For mobile_cif at 1000 kbps, this makes the baseline encoding 7%
faster and makes the encoding with dynamic motion vector referencing
scheme enabled 10% faster.
Zoe Liu [Fri, 3 Jun 2016 23:03:00 +0000 (16:03 -0700)]
Fix a RD performance bug in bipredictive frames
This patch will make sure the use of the BWDREF_FRAME for the
encoding of both the two types of bipredictive frames, namely
LAST_BIPRED_UPDATE and BIPRED_UPDATE. To realize it, the
updates on the cpi->ref_frame_flags have been moved to before
the encoding of one frame, instread of originally handled after
the encoding of one frame.
RD performance has been improved slightly, approximately by 0.17%
compared to before the applying of this patch:
Geza Lore [Tue, 7 Jun 2016 16:02:03 +0000 (17:02 +0100)]
Zero segment counter before accumulating.
The segment counts are computed as part of packing the bitstream,
so they might have been computed already in the recode loop. Zero
the accumulator to avoid double counting.
Aamir Anis [Wed, 1 Jun 2016 05:50:24 +0000 (22:50 -0700)]
Updated loop restoration
1. Wiener restoration filter now has normalization and evaluation of
quantization procedure.
2. Corrected scaling of bits in RD cost computation.
3. Changed dynamic range and number of bits for Wiener filter.
Observed gains: Overall 0.58% for low_res, 0.7% for mid_res sequences.
Geza Lore [Wed, 1 Jun 2016 13:19:01 +0000 (14:19 +0100)]
Optimize wedge partition selection.
We can optimize wedge partition selection by pre-computing the
residuals of the 2 underlying predictors, and then blend these
to compute the sse of the compound predictor, without actually
having to compute and subtract the compound predictor.
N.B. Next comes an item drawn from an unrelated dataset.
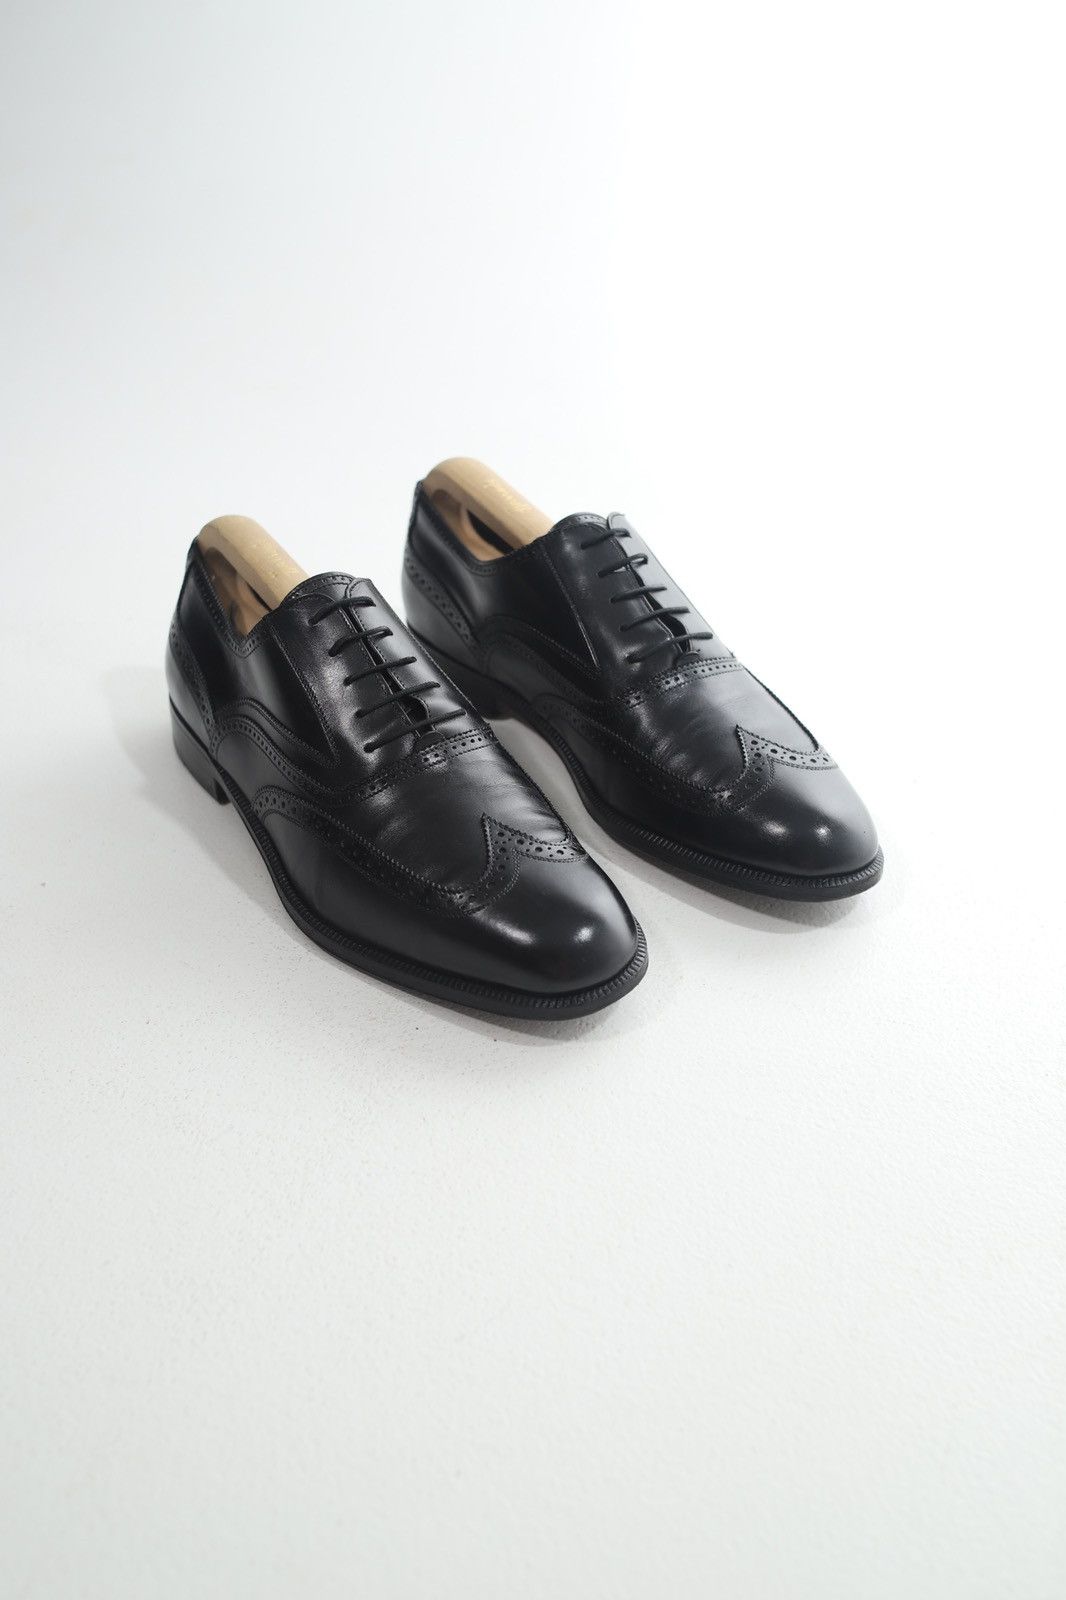 Salvatore Ferragamo Salvatore Ferragamo Oxfords Leather Shoes | Grailed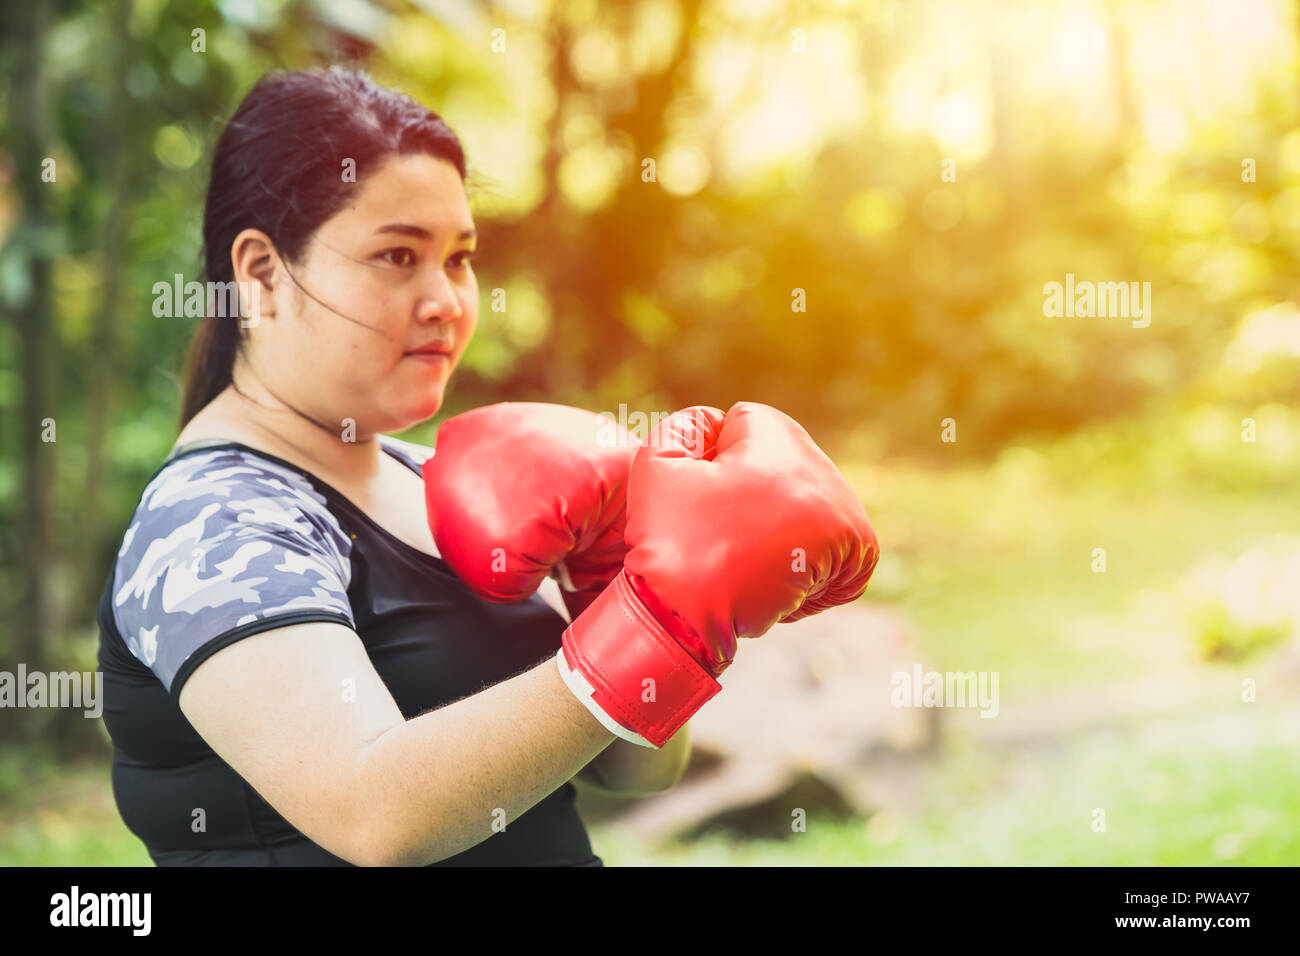 Kampf gegen Fett Konzept. Mädchen Fettsäuren Frau boxing Kämpfer mit Gewicht zu verlieren Stockfoto

Similarly we can pre-compute a proxy array which we can use to
cheaply check which mask sign would have lower sse.
Details are in wedge_utils.c.
Mathematically these are equivalence transformations, but due to the
finite precision the encoder output will be perturbed, though on
average this should make 0% difference.
Geza Lore [Fri, 3 Jun 2016 09:54:49 +0000 (10:54 +0100)]
Fix decoder crash with supertx
xd->plane[0].n4_h and xd->plane[0].n4_w are not set at that point
when using supertx.
While this fixes the immediate crash described in the referenced
bug report, there are still issues in the ref-mv experiment that
causes these tests to fail, so they are kept disabled.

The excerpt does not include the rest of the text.